WHAT YOU WILL DO = Reproduce the data below in full and exclude every picture.

GIVEN MATERIAL =
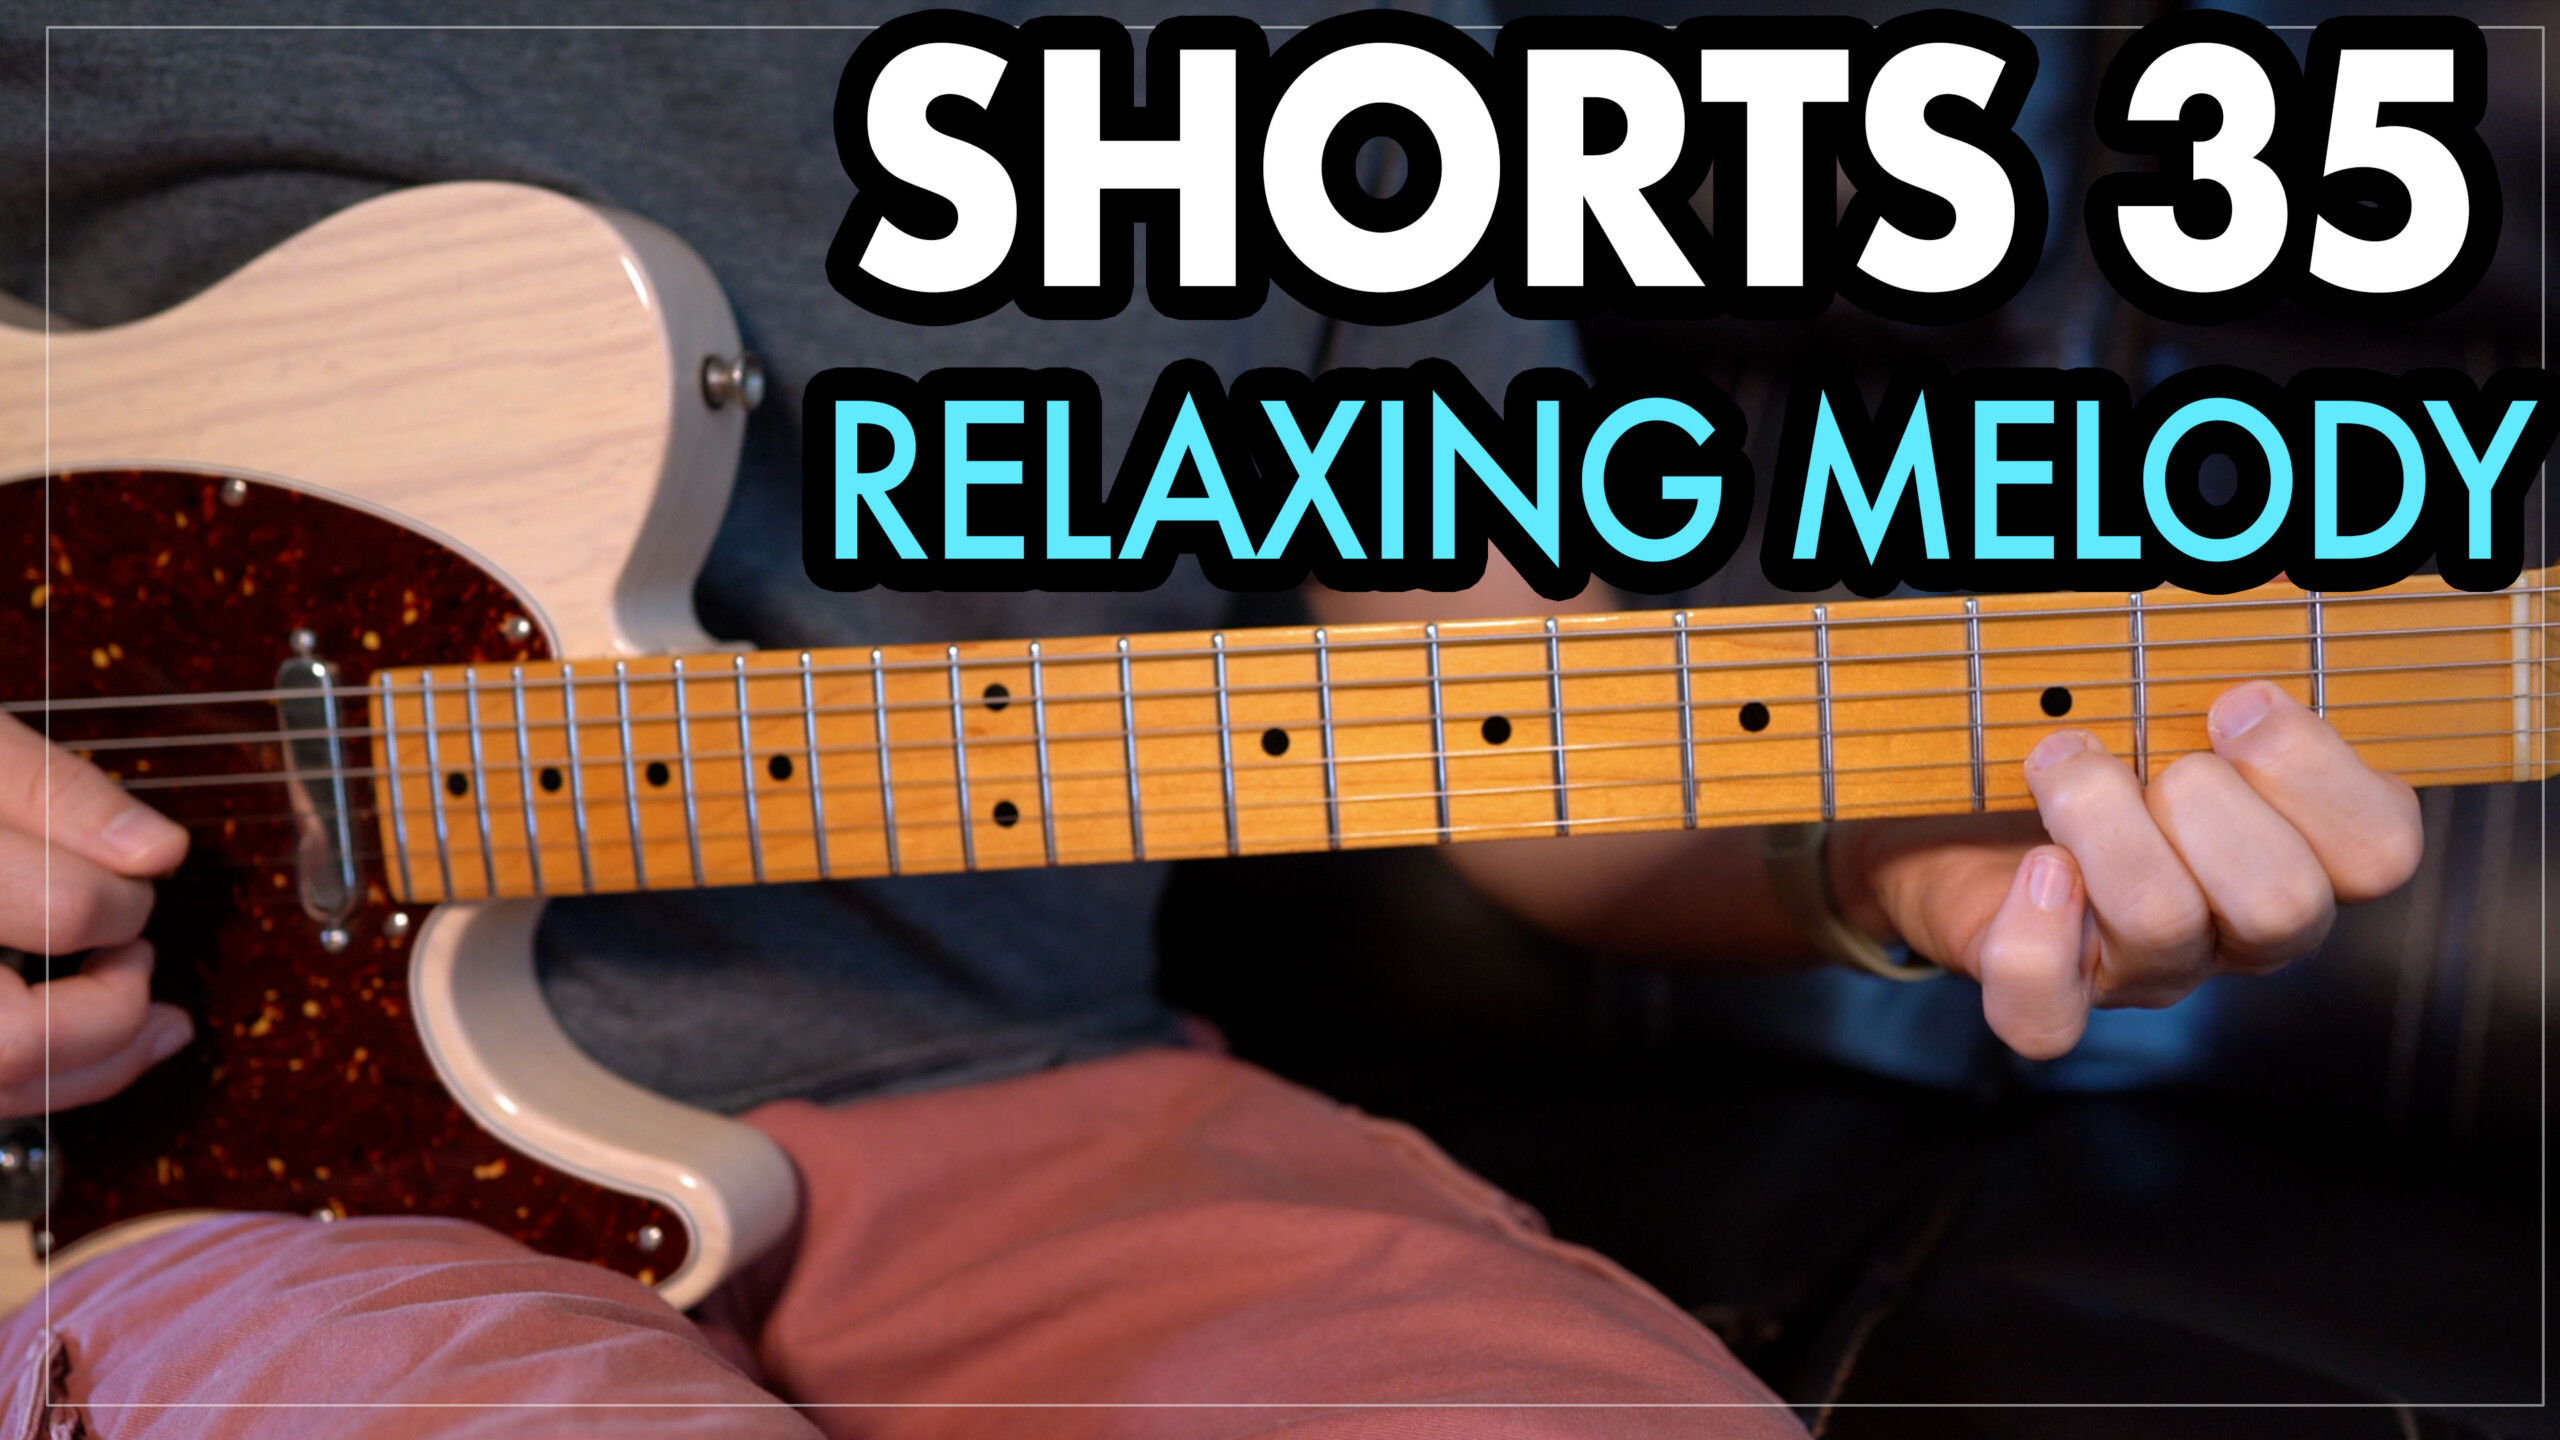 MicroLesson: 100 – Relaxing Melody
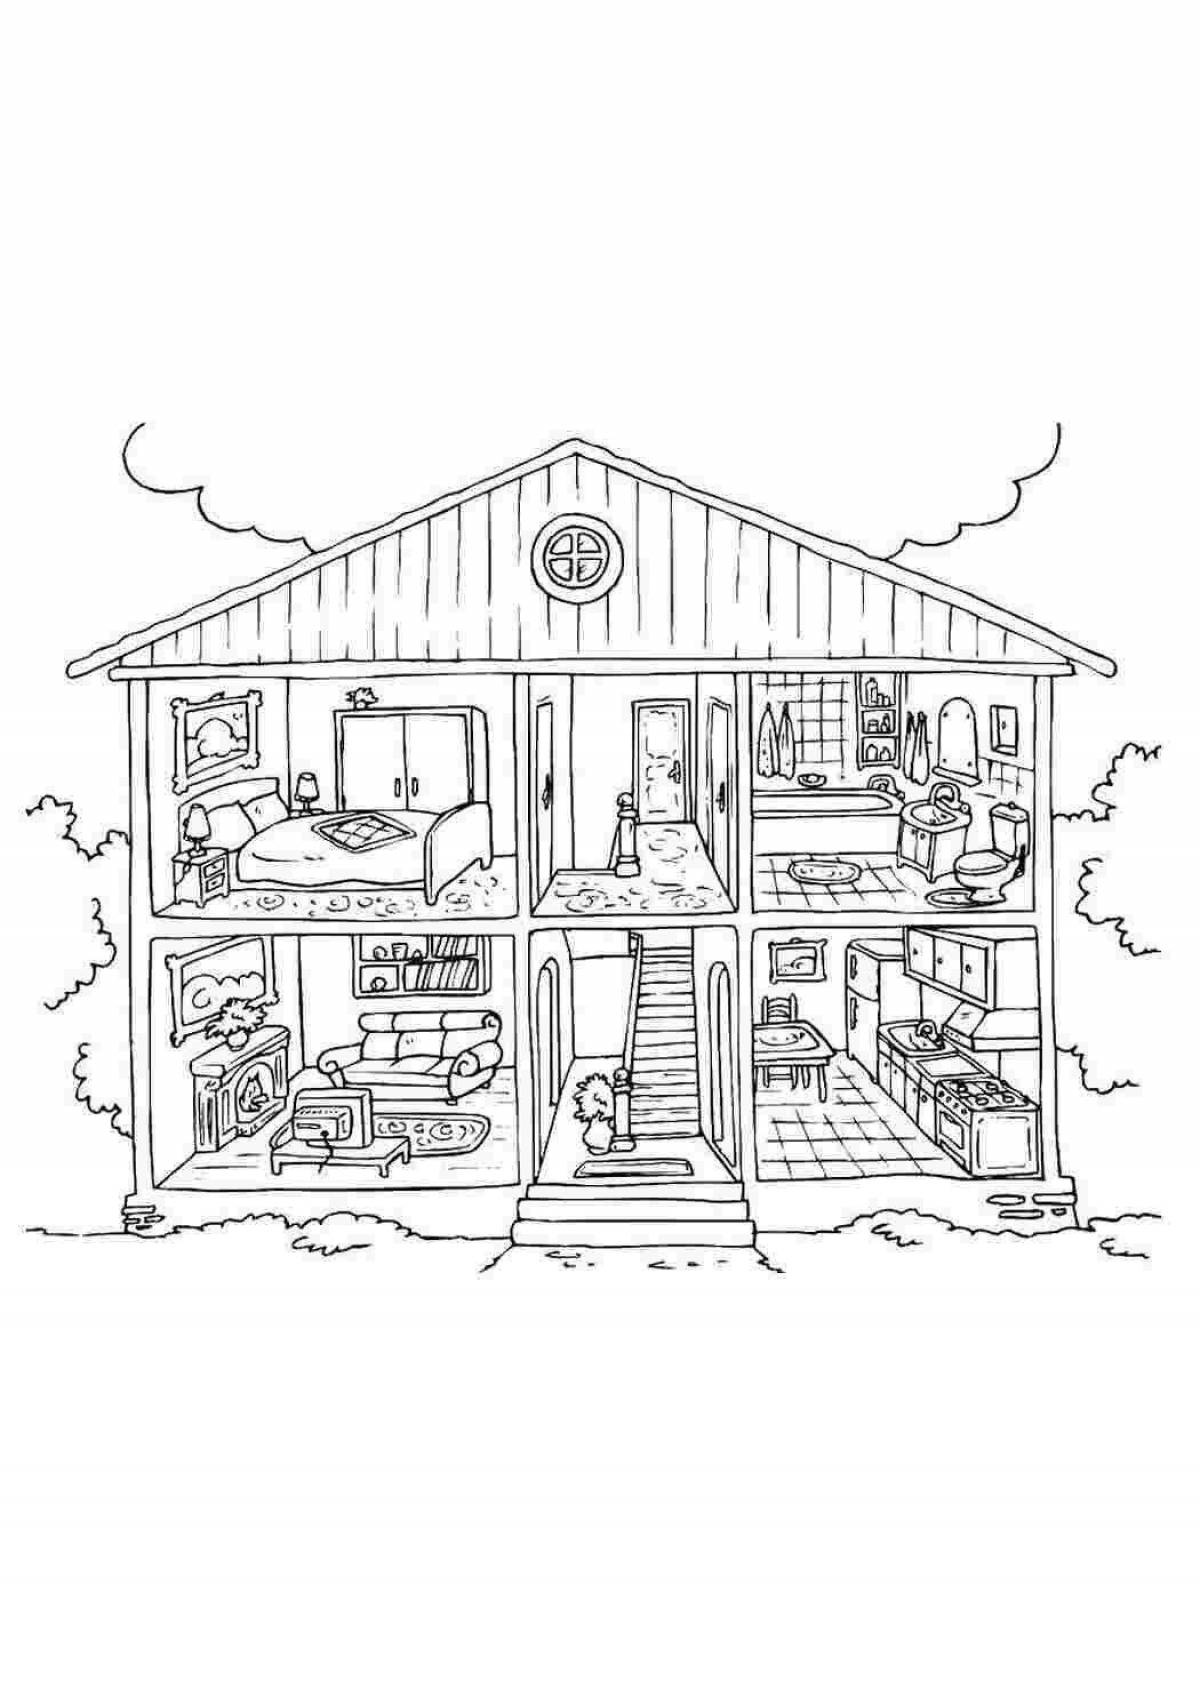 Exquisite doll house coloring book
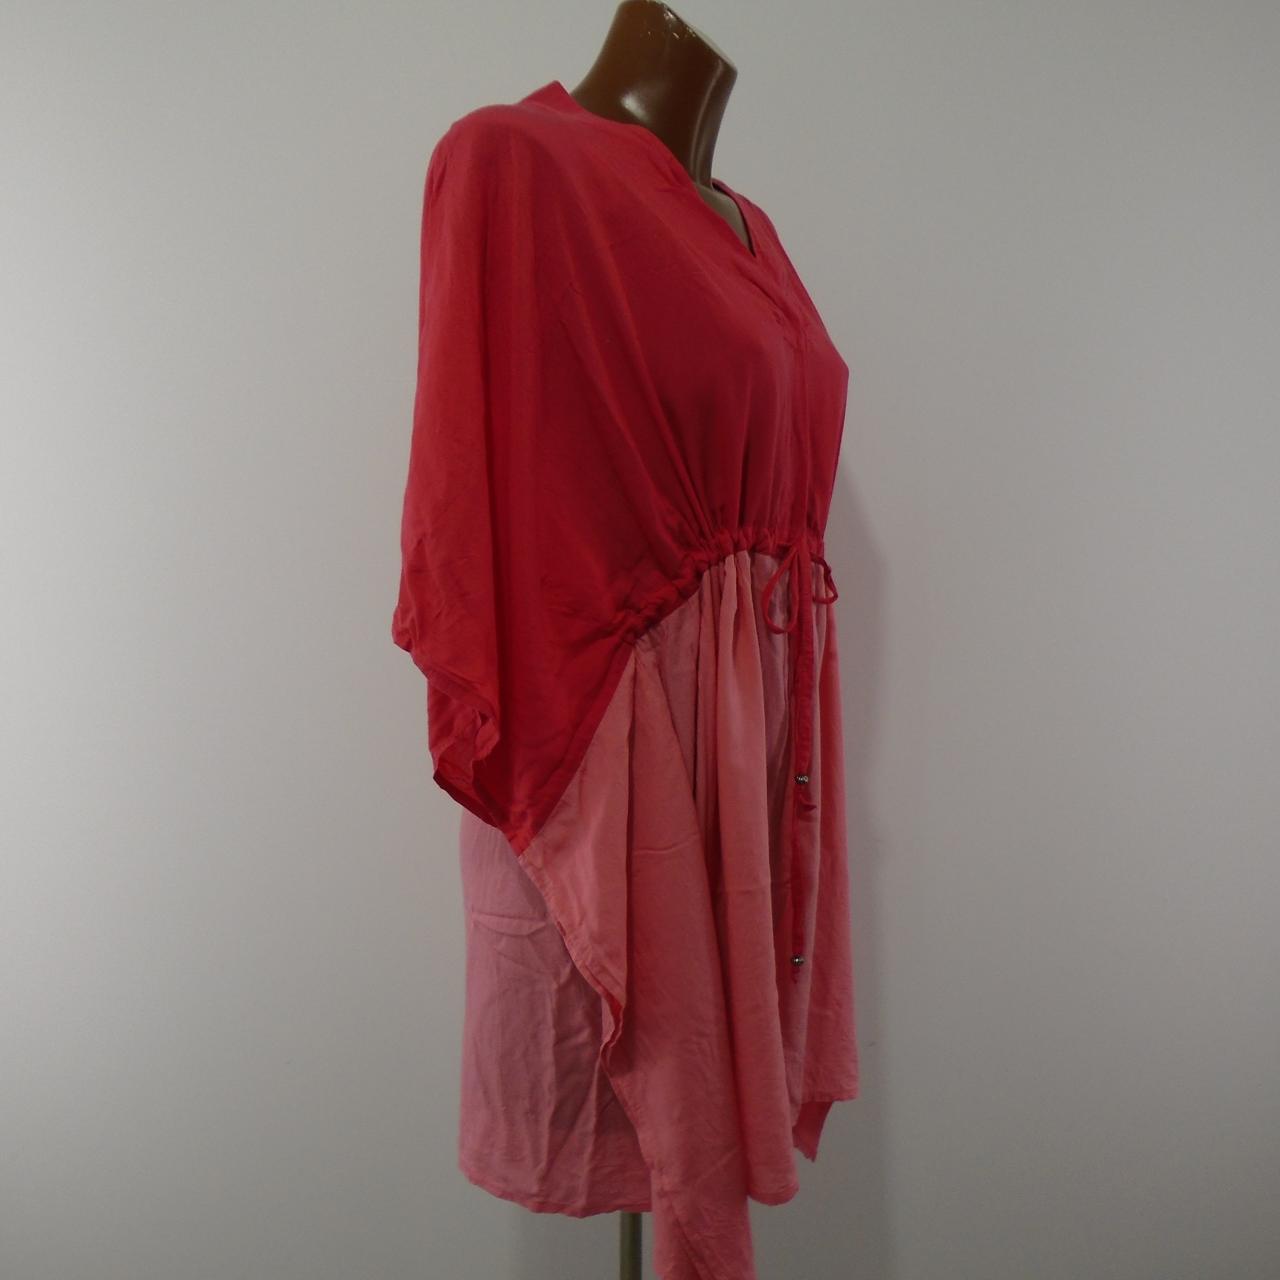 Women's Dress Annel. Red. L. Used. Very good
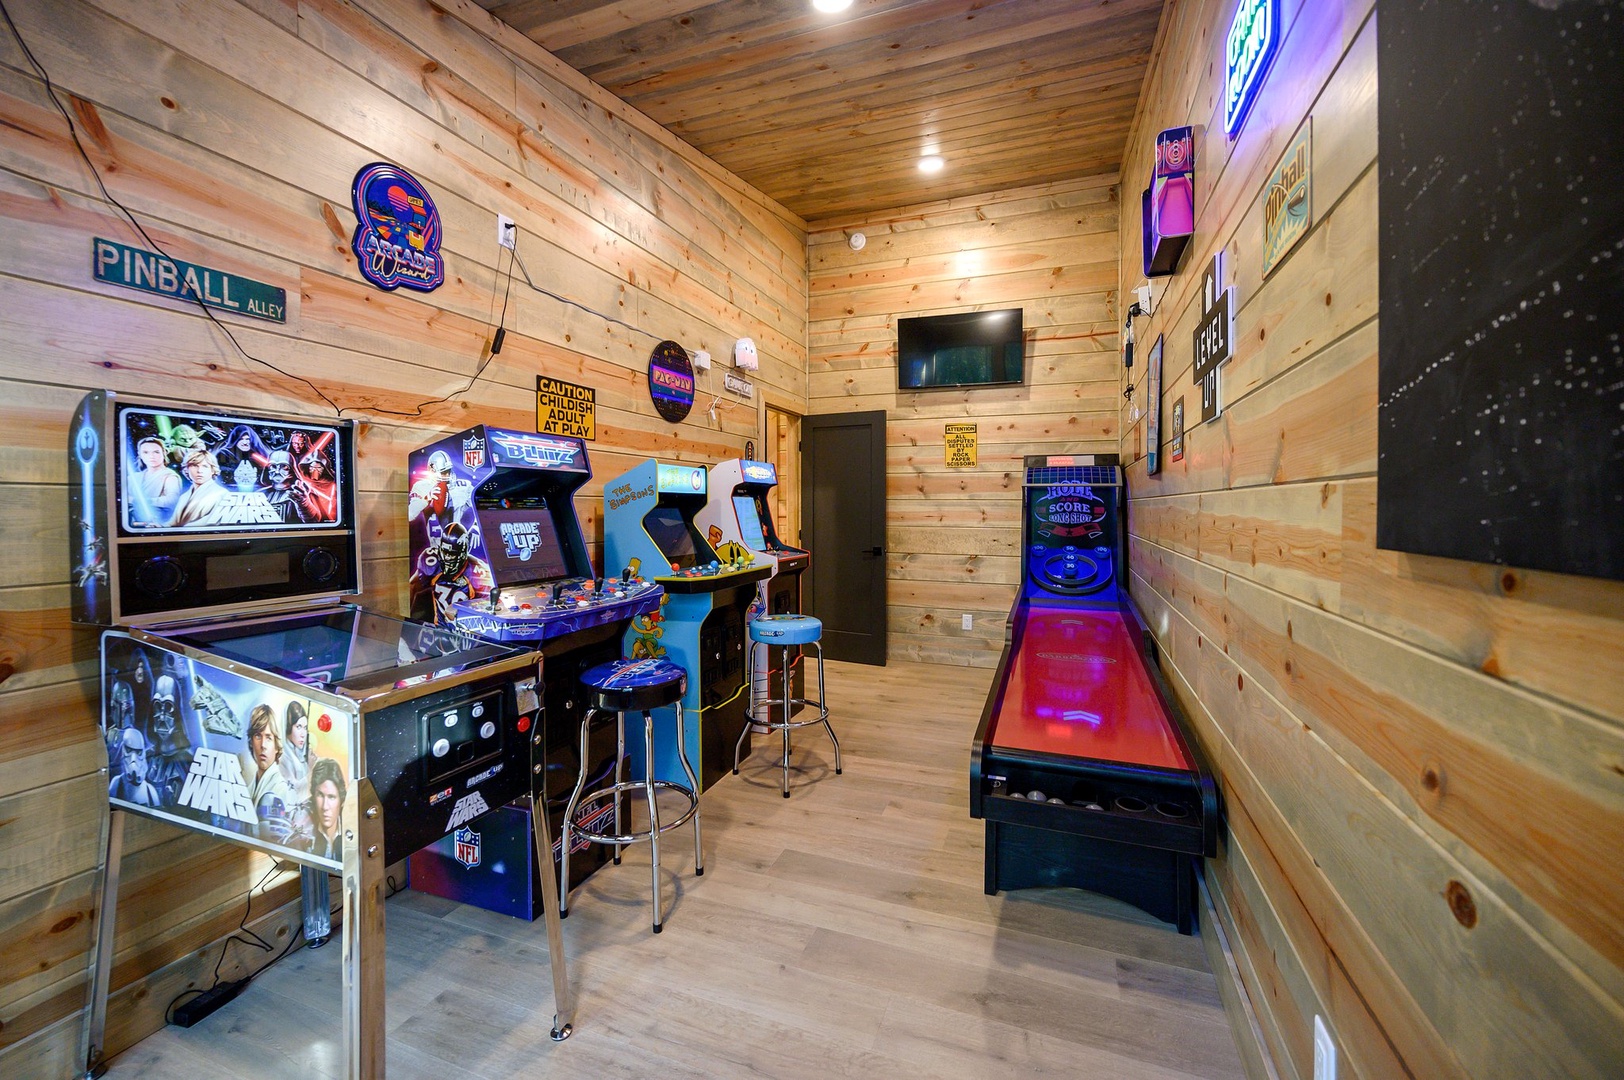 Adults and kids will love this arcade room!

SOLUTION =
 MicroLesson: 100 – Relaxing Melody
 Exquisite doll house coloring book
 Women's Dress Annel. Red. L. Used. Very good
 Adults and kids will love this arcade room!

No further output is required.